Over the last few years, the Stock Connect program replaced QFII as the main access route for onshore Chinese equities. However, the China Securities Regulatory Commission recently released a consultation paper seeking feedback on a proposal to drastically simplify and enhance the QFII program. How is this likely to evolve over time?
A few decades ago, foreign investors were unable to access the Chinese onshore equity markets. In 2002, the Chinese authorities launched the Qualified Foreign Institutional Investor (QFII) program as a way to provide limited and controlled access. Getting a QFII license was a restrictive, lengthy and time consuming process requiring the applicants to meet certain standards of financial stability and track record. The program was subject to strict quotas and more importantly, approvals were subject to Government discretion. The program evolved significantly over time and by the end of 2018, an aggregate quota of $101B had been granted to 309 institutions.

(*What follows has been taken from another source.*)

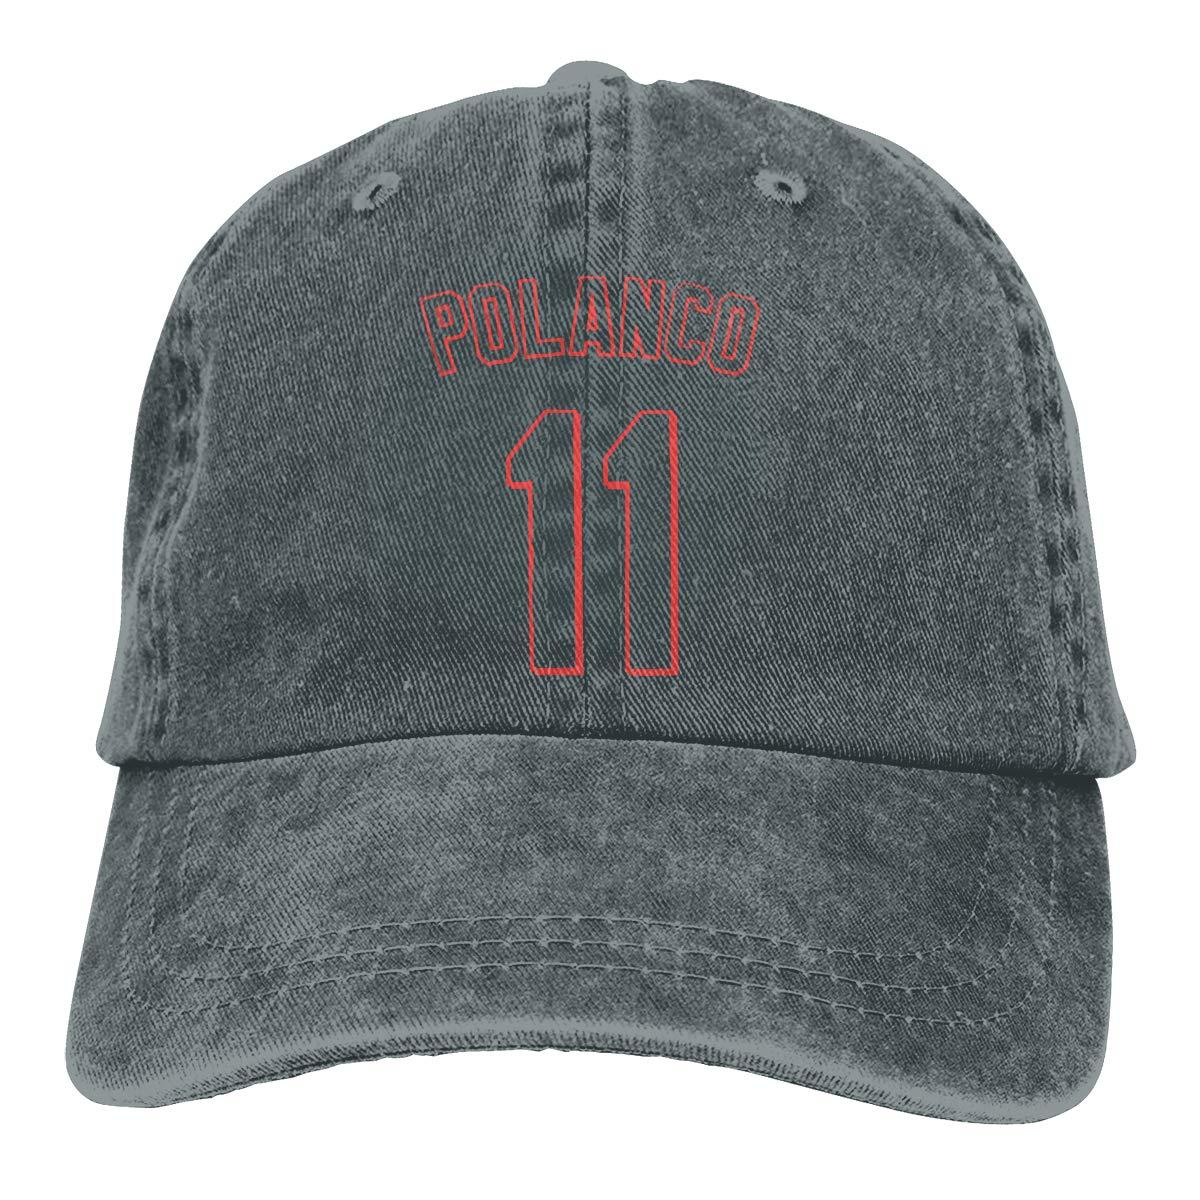 DeniCar Unisex Adjustable Baseball Caps Jorge-Polanco-No-11 Cowboy Skull Cap
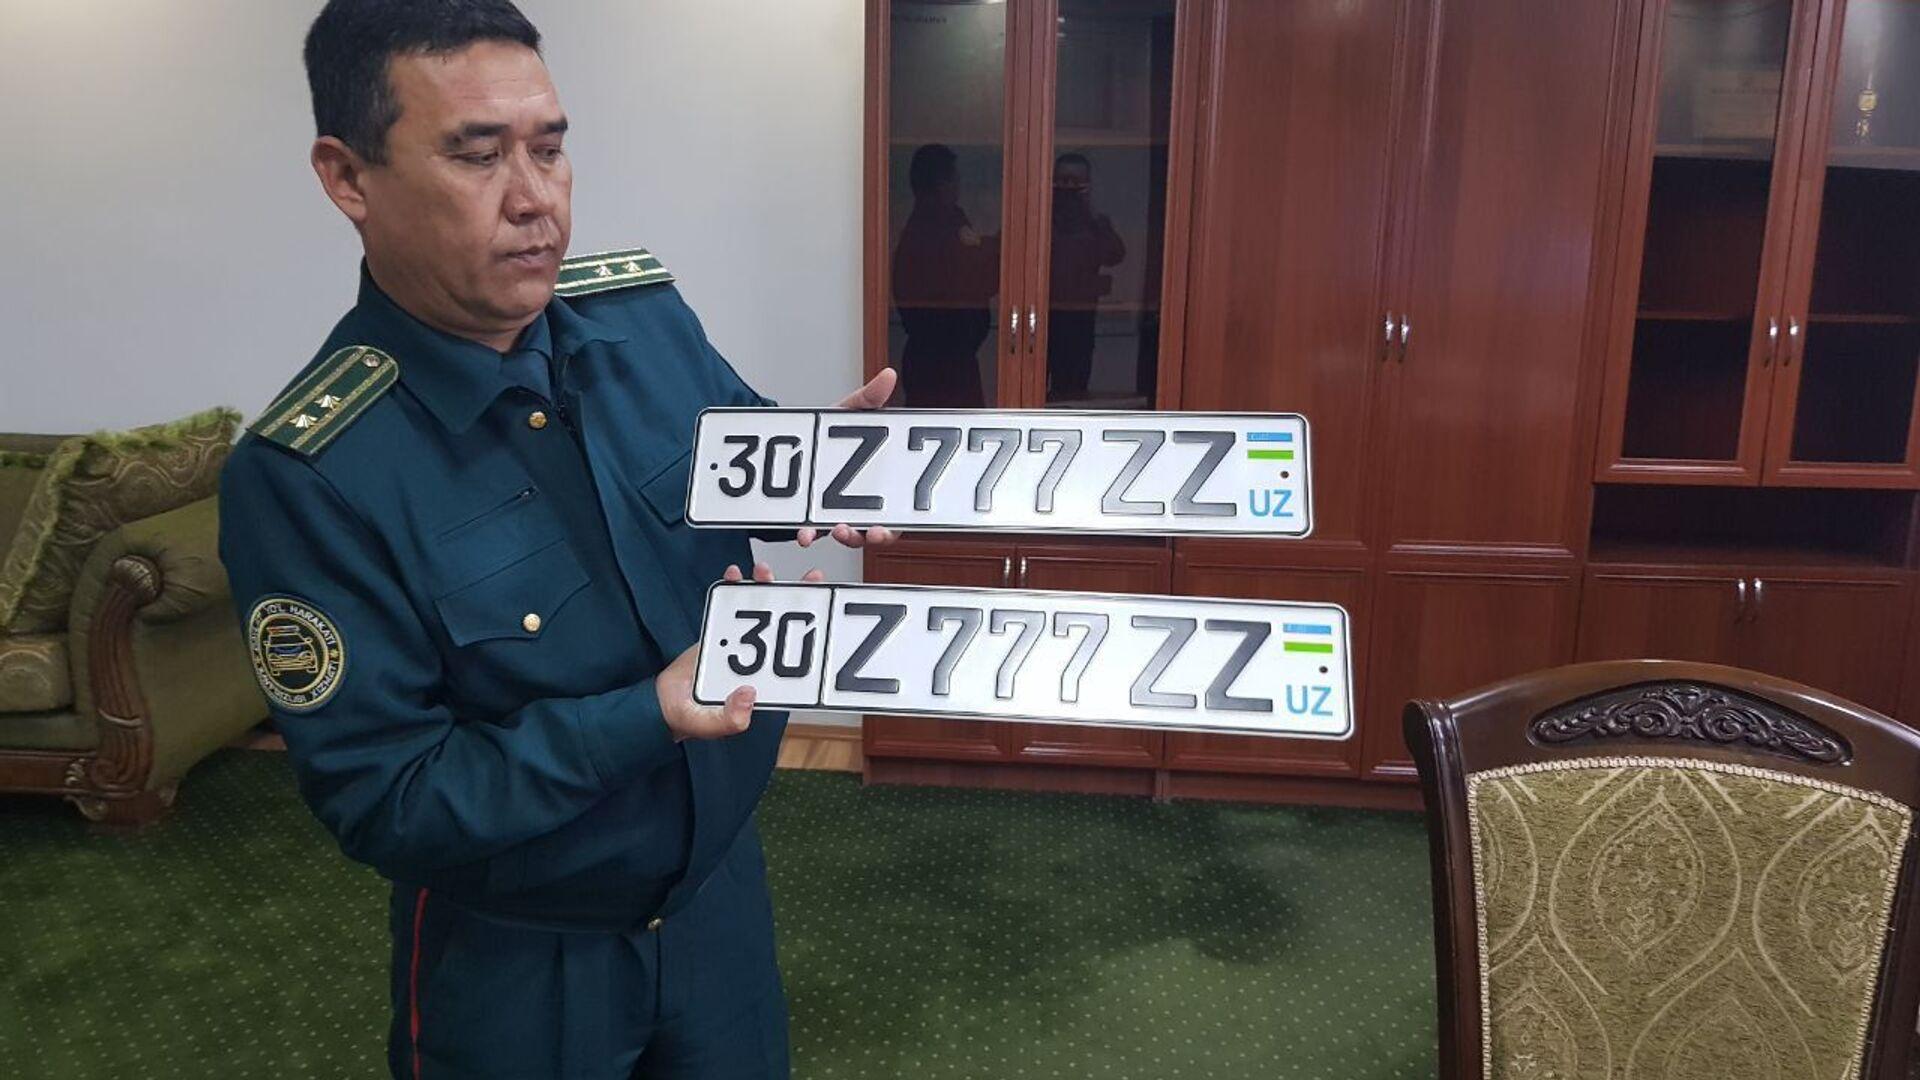 Rekordnaya tsena: v Samarkande na auktsione prodali avtonomer za $57 tыsyach - Sputnik Oʻzbekiston, 1920, 13.10.2021

The Launch of the Stock Connect
Despite being the second largest equity market in the world, Chinese onshore equities were not included in broad indices because of this limited accessibility and the restrictions accompanying the QFII program. In a step towards changing this, in Dec 2014, China established a new mechanism to allow foreign investors to invest in Shanghai listed equities via Hong Kong, commonly called the ‘Stock Connect’ program. This program offered several benefits compared to the QFII- ease of registration, no specific requirements for AUM or track record, daily liquidity etc. After a lukewarm initial response, the Connect program took off in 2015/2016. In December 2016, the program was expanded to include Shenzhen listed stocks, including stocks listed on the ChiNext board.
Over 2017 and 2018, the Connect program grew in depth and breadth, replacing QFII as the main access point for China. MSCI decided to include Chinese equities in its indices, starting in 2018 and most passive investors used the Connect route to build positions in Chinese stocks. Consensus views called for the ‘death of QFII’ and many institutions returned or scaled down their QFII quotas.
The Revival of QFII?
However, behind the scenes there was significant lobbying by onshore brokerage firms to revive the QFII. The Connect is dominated by global brokers serving foreign clients through Hong Kong. The revenues from the Connect are shared between China and HKEx. As a result, the major beneficiaries (from a revenue standpoint) have been the foreign brokers and HKEx. Further, the CSRC had more control, visibility and transparency including end client identification with QFII. The Chinese authorities as well as the local financial firms are aligned in their interest to revive the QFII program. With this goal in mind, the last few years have witnessed easing of several restrictions on the QFII including the removal of the 20% cap on outbound remittances, removal of principal lock up period, and allowing foreign exchange hedging.
Looking back, it is easy to spot signs of convergence between the QFII and Connect schemes. In line with the Connect, the QFII program now has better liquidity, less restrictions (no locks up, large quotas) and clear tax rules. And in line with the QFII, the Connect now has access to a wider range of instruments as well as a clear ID system allowing the authorities to track end investors.
The latest development in the QFII program came earlier this year, when the CSRC released a consultation paper simplifying the program significantly. The proposed measures would bringing the QFII mechanism even closer to the Connect and add some new features as well. Highlights include no more AUM/years of experience requirements for a QFII application, streaming the process from an approval to a registration based process, expansion of the QFII investment universe and allowing QFII holders to participate in the onshore lending market. While these are still proposals and more details are needed, the moves indicate a substantial easing of the operations, regulatory and investment process.
Many institutional investors have asked us how we see these schemes evolving. We believe these schemes will continue to converge and at some point will be virtually indistinguishable. The key outstanding issues will revolve around
- Will the QFII process get simplified to a point where MSCI will accept this as the main point of access? There are other markets e.g. Taiwan and Korea where this is an accepted way of accessing the market
- Can foreigners get comfortable with the governance issues or will they still prefer a Hong Kong based route since HK still has the advantage (perception) of “rule of law”?
We see Connect as being the dominant mechanism in the near future with growing convergence between the QFII and Connect. The latest proposal from the CSRC signifies the intent of the authorities to make the QFII process easier and to eventually have this as the mainstay. Like most things in China, this evolution will be driven by the intent of the Chinese Government as well their flexibility and pace of change.